● **WORK TO BE COMPLETED**
Look at the entries below and restate word for word the lines from the first through the one that has "25DEGREES Шапочка для".
(GIVEN RECORDS begins)
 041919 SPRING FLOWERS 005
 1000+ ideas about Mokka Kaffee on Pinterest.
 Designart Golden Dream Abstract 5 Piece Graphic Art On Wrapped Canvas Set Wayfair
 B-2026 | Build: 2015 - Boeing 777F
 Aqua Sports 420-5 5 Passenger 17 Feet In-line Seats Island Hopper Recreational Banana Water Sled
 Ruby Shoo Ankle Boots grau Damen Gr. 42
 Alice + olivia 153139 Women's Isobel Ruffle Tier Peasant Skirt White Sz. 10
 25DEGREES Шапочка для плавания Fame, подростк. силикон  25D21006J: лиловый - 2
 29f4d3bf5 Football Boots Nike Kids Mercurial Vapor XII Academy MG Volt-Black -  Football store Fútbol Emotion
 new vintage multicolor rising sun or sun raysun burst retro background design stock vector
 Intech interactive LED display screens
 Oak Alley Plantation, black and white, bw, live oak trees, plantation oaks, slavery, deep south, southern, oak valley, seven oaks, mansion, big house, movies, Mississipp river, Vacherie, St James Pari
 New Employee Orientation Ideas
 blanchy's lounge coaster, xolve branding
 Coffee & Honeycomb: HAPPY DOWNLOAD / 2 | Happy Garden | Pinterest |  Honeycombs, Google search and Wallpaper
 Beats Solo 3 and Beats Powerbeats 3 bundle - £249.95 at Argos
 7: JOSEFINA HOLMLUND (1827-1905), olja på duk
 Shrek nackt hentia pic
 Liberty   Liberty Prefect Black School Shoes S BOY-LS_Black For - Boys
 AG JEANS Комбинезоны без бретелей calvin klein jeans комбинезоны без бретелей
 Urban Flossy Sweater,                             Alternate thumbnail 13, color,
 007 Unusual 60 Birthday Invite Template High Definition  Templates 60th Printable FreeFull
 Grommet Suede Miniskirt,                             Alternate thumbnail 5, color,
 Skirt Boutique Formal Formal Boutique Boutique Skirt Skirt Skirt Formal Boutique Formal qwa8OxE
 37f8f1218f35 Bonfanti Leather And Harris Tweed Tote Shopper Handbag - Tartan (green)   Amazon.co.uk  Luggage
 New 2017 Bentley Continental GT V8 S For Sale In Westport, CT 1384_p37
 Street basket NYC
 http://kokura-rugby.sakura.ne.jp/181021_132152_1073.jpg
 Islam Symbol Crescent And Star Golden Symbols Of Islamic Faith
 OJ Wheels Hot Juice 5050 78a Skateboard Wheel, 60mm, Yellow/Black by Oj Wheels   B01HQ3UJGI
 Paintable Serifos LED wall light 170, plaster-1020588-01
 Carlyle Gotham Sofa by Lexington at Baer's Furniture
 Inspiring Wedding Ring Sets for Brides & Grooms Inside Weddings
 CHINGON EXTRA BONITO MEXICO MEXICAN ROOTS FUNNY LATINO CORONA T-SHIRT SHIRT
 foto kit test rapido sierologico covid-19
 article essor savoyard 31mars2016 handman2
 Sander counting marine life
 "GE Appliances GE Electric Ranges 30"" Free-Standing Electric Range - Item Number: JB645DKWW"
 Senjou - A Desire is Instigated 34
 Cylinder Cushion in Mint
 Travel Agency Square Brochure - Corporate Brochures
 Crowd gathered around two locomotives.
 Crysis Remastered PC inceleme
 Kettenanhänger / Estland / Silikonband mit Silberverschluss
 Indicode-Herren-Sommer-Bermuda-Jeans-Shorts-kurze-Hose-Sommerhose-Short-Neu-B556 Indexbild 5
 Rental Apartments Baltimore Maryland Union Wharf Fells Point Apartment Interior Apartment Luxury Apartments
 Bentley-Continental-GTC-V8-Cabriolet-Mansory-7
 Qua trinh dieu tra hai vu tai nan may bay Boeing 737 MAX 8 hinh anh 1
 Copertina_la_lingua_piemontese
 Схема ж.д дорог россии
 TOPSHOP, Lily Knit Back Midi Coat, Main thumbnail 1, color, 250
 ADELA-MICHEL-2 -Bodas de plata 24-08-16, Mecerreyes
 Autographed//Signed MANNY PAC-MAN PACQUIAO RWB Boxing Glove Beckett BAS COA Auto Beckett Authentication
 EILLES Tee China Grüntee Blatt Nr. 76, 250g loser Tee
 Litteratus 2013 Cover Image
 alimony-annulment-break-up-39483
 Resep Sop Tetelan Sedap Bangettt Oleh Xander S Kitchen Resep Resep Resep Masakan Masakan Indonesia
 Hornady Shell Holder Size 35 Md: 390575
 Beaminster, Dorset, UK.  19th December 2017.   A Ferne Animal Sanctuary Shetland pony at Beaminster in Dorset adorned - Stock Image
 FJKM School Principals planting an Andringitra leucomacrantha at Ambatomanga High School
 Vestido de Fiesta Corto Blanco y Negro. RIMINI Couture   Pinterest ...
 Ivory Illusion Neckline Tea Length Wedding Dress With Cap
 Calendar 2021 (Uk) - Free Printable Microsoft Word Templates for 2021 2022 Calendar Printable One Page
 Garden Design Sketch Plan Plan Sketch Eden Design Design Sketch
(GIVEN RECORDS ends)
● **YOUR RESPONSE**
 041919 SPRING FLOWERS 005
 1000+ ideas about Mokka Kaffee on Pinterest.
 Designart Golden Dream Abstract 5 Piece Graphic Art On Wrapped Canvas Set Wayfair
 B-2026 | Build: 2015 - Boeing 777F
 Aqua Sports 420-5 5 Passenger 17 Feet In-line Seats Island Hopper Recreational Banana Water Sled
 Ruby Shoo Ankle Boots grau Damen Gr. 42
 Alice + olivia 153139 Women's Isobel Ruffle Tier Peasant Skirt White Sz. 10
 25DEGREES Шапочка для плавания Fame, подростк. силикон  25D21006J: лиловый - 2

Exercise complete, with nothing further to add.